— Этого никогда не будет, этому не бывать, — прошептал он бледными губами, — это я только шуточки шучу.
И, встряхнувшись, он понуро пошел к дому. В прихожей его встретила нарядная и кокетливая горничная Глаша.
— Прохор Егорыч у себя? — спросил Пересветов.
— У себя-с, в кабинете. Прикажете доложить?
— Доложите.
Пересветов снял фуражку и поправил перед зеркалом волосы. Глаша, шурша юбками, исчезла и снова появилась в прихожей.
— Просят к себе, — сказала она Пересветову не без кокетства.
Через богато обставленную приемную Пересветов вошел в кабинет. Его сразу опахнуло запахом сирени. Трегубов поднялся ему навстречу.
— Милости просим, — проговорил он, указывая гостю кресло у письменного стола. — Пожалуйста.
Пересветов присел. Письменный стол стоял в двух шагах от раскрытого настежь окна. В окно тянуло из сада прохладой и запахом сирени. Громадные бронзовые подсвечники стояли на черных тумбах почти у самых дверей кабинета. С того места, где сидел Пересветов, ему был виден весь сад, задняя стена его и калитка, выходившая к полевой дороге. Пересветов увидел ее, и его точно что обожгло. Он снова попытался встряхнуться.
— Ну, как у вас яровые? Шумят, я думаю? — спросил его Трегубов, сверкая вымытым до лоска лицом.
— Благодаря Бога, ничего-с, недурные-с. — проговорил Пересветов.
Трегубов стал играть брелоками. Одет он был в светло-желтую пару и желтые башмаки. Золотистая шелковая рубаха была повязана мягким черным галстуком. Из отложного ворота рубахи выглядывала розовая, хорошо выкормленная шея.
— Так-с, — проговорил он, играя брелоками. — Так, значит, яровые у вас шумят. Богатеть, стало быть, осенью будете.
Пересветов молчал. Внезапно он поймал себя за странным занятием: он оглядывал кабинет Трегубова с таким сосредоточенным вниманием, точно ему необходимо было запомнить каждую вещь, каждую мелочь. Он даже испугался этого.
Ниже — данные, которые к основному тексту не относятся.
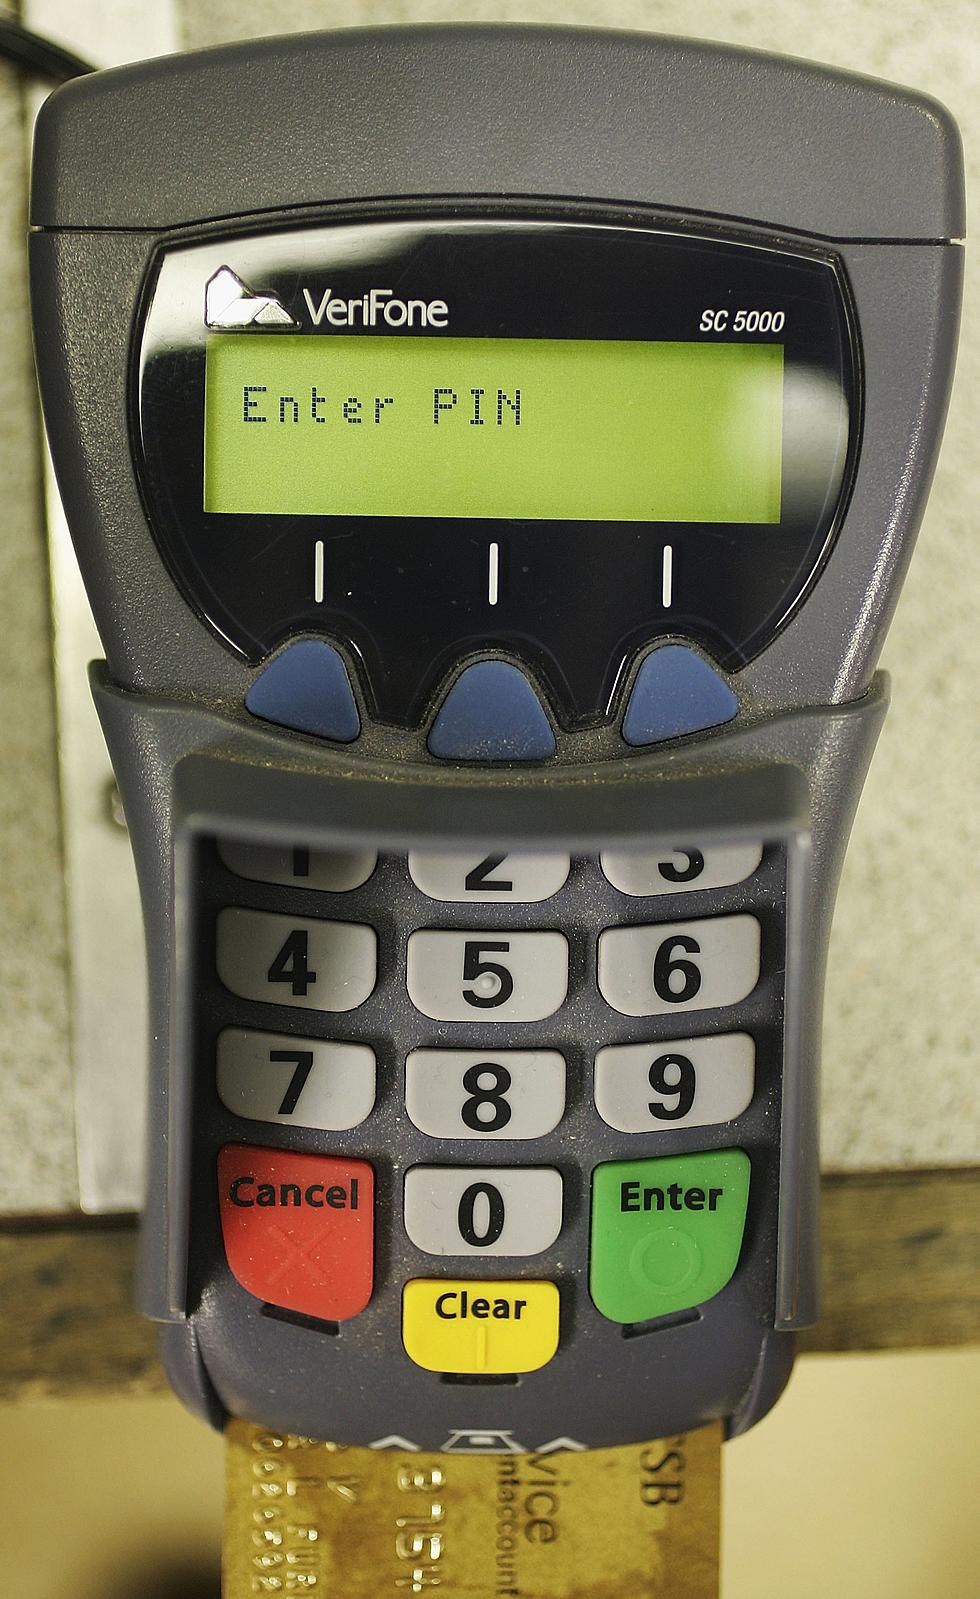 If Your Pin Number Is One Of These Numbers – Change Immediately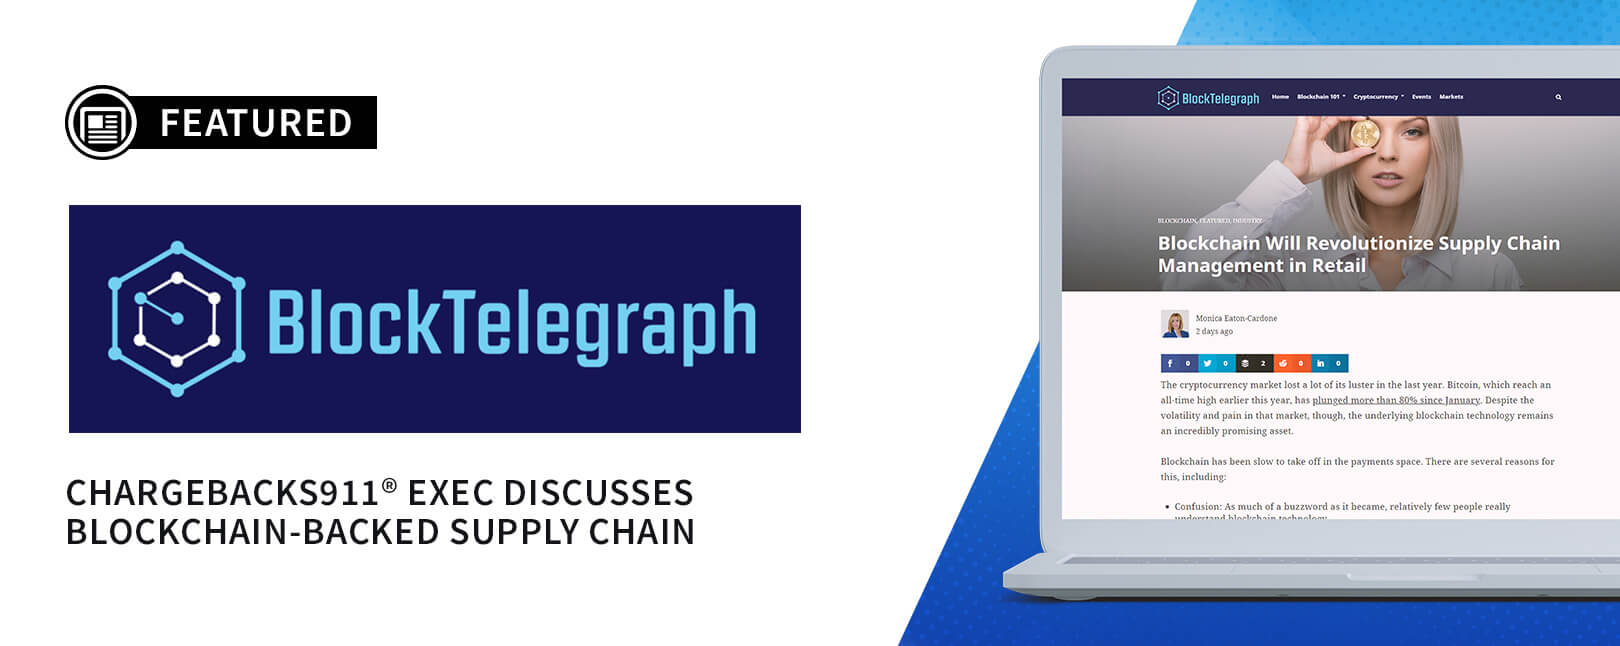 Chargebacks911® Exec Discusses Blockchain-Backed Supply Chain for BlockTelegraph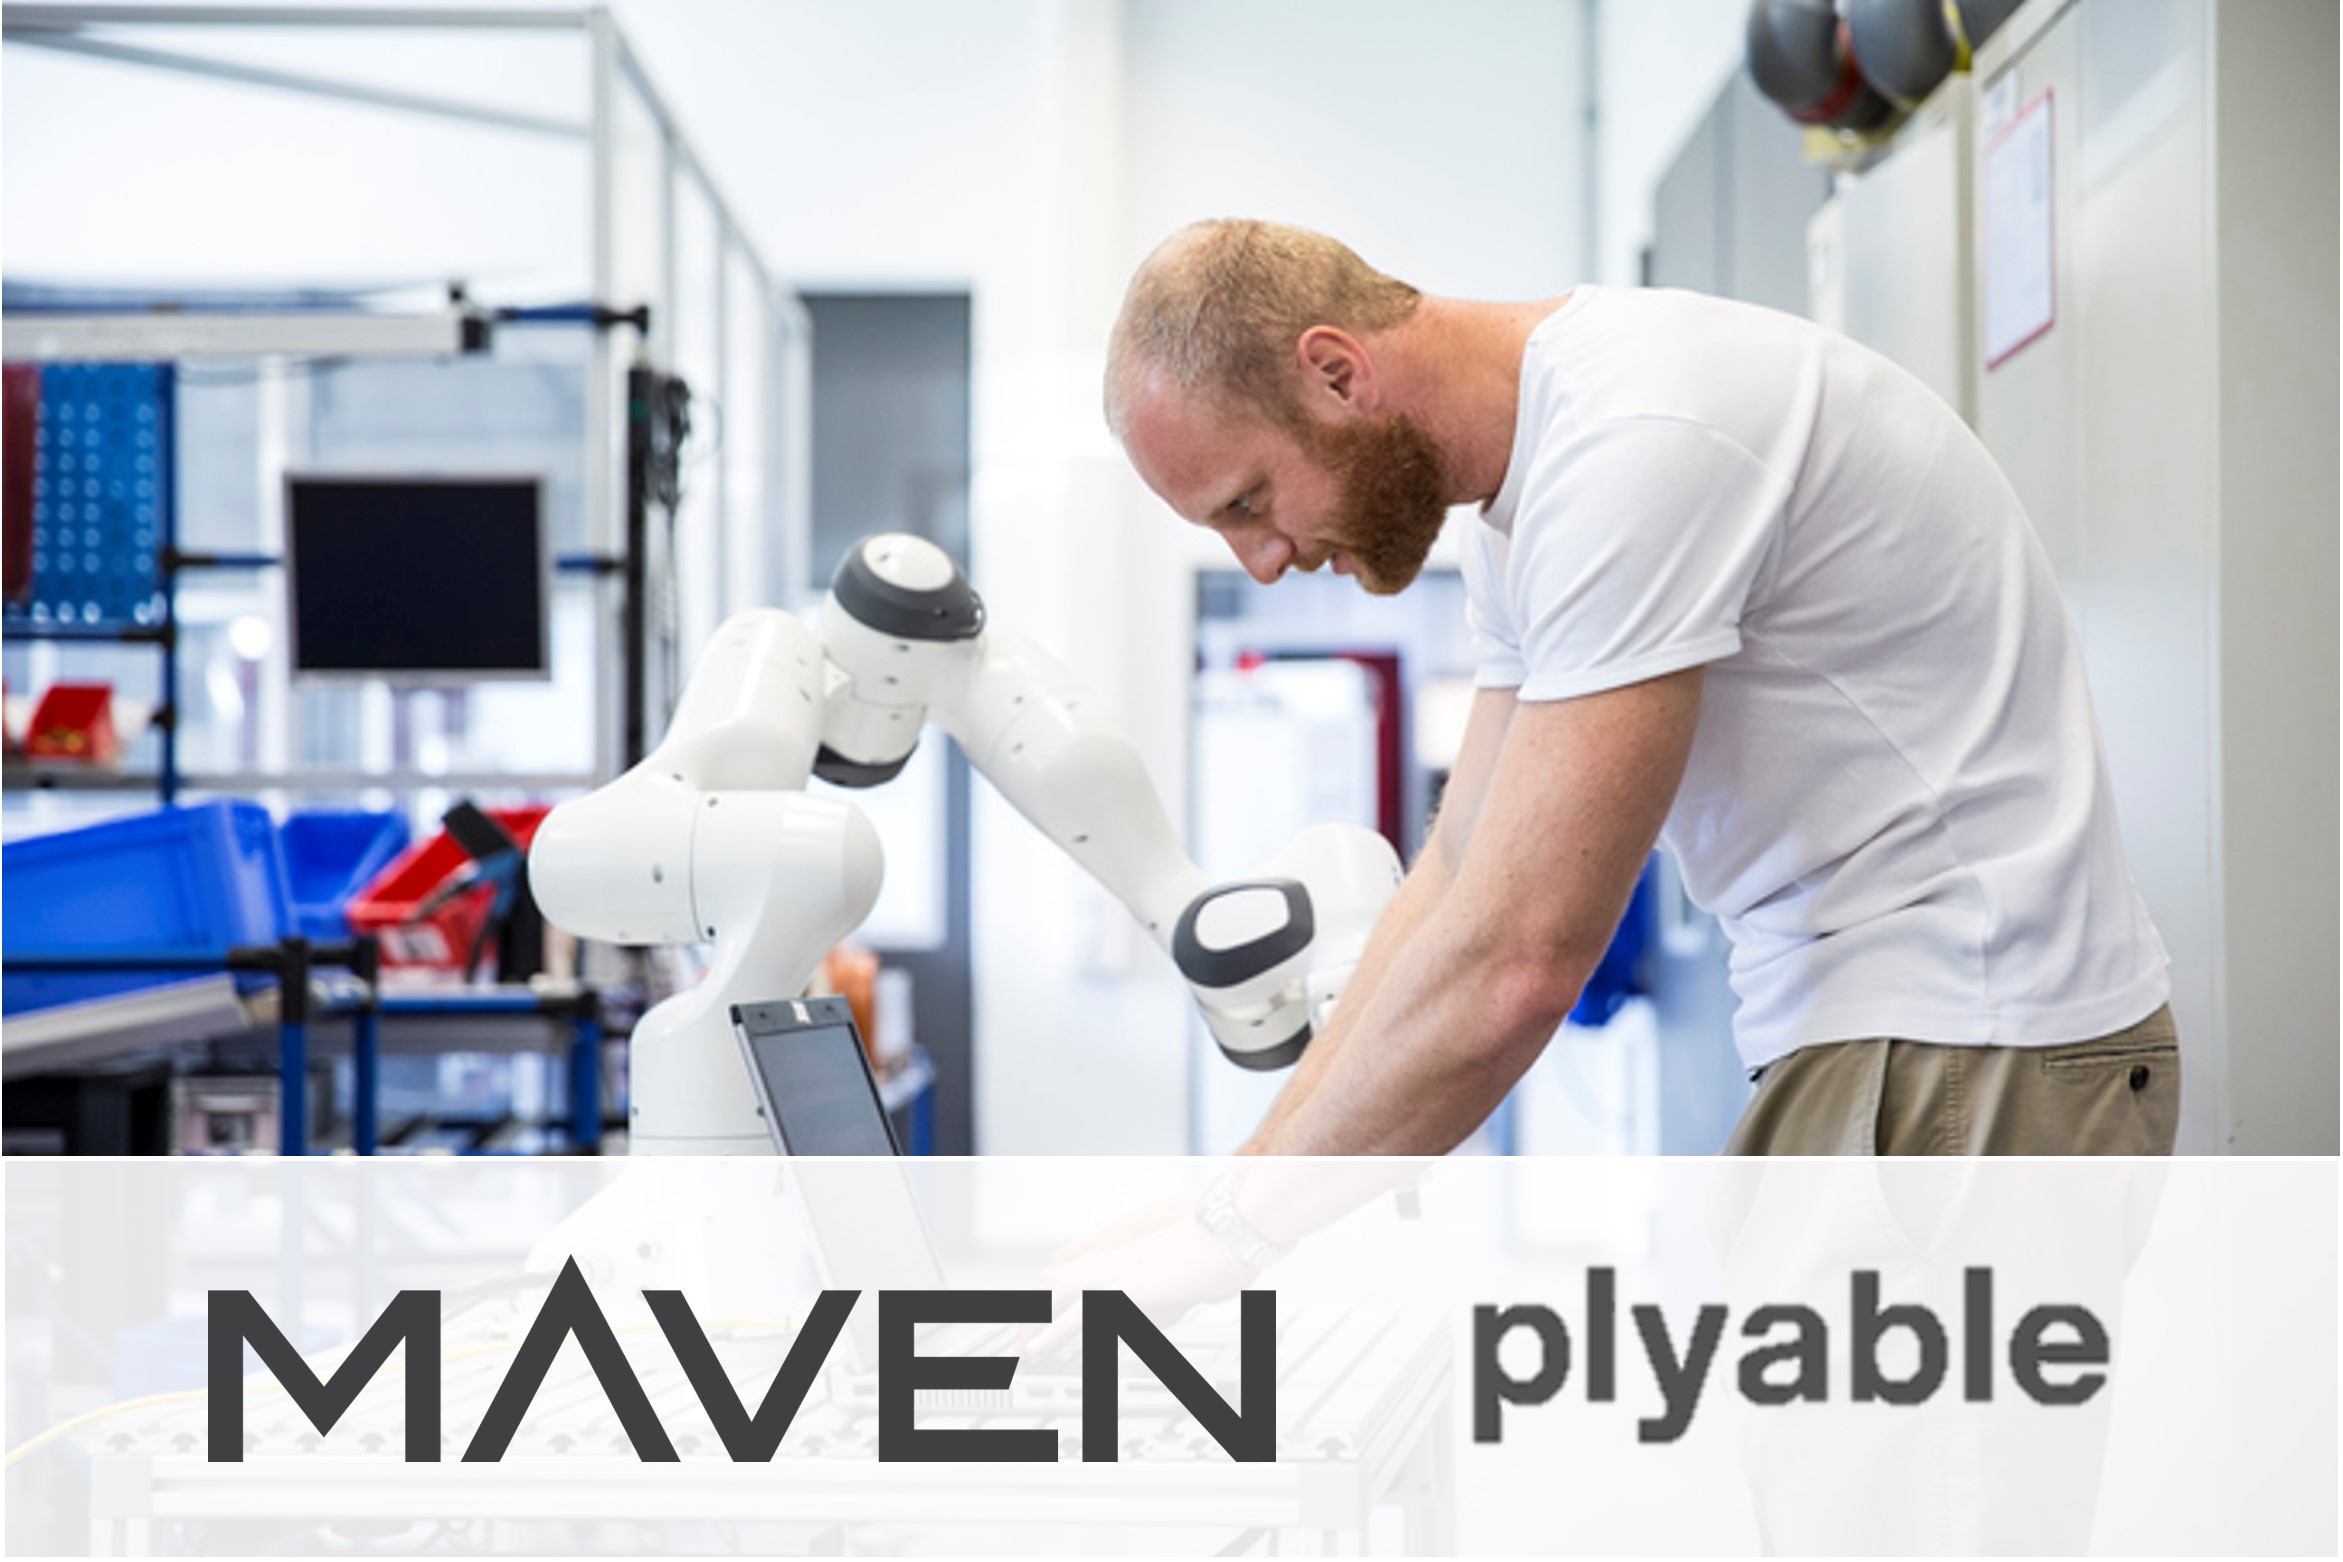 Luminii provides CDD support to Maven on their investment in Plyable

Против его воли его точно несло куда-то бурным потоком.
Трегубов подождал его ответа, встал с кресла и заходил по кабинету, мягко ступая желтыми башмаками. «Денег у него нет, — думал он. — Это ясно».
— Прохор Егорыч, — наконец, позвал его Пересветов, — Прохор Егорыч, сегодня мне срок платить вам по закладной тысячу рублей.
Пересветов тяжело вздохнул и замолчал.
— Ну, да, да, срок, — весело подхватил Трегубов и, заложив руки в карманы, игриво закачался на каблуках. — Срок, это верно. Только ведь вы тогда мне, помните, говорили, что деньги у вас наготове. А как поживает Настасья Петровна?
— С деньгами меня обманули, — заговорил Пересветов, и его лоб покрылся каплями пота. — Меня обманули, и я пришел… пришел к вам просить отсрочки платежа. Могу ли я надеяться, Прохор Егорыч?
Трегубов заходил по комнате, позванивая брелоками.
— Я вам не отсрочу, — наконец выговорил он и снова закачался перед Пересветовым на каблуках. — Я вам ни за что не отсрочу-с. Денег разве у вас нет? — спросил он.
Пересветов заметно бледнел.
— Нет.
— Если нет, сегодня же я предъявлю к вам через адвоката иск. Через месяц вам, вероятно, придется выехать из вашего именья. Кстати, я хочу там конский заводик небольшого фасона выстроить; усадьбу вашу снесу и конский заводик оборудую. Сегодня же и плотников буду подряжать. Отсрочить платежа я вам не могу, — снова проговорил он, — никак не могу.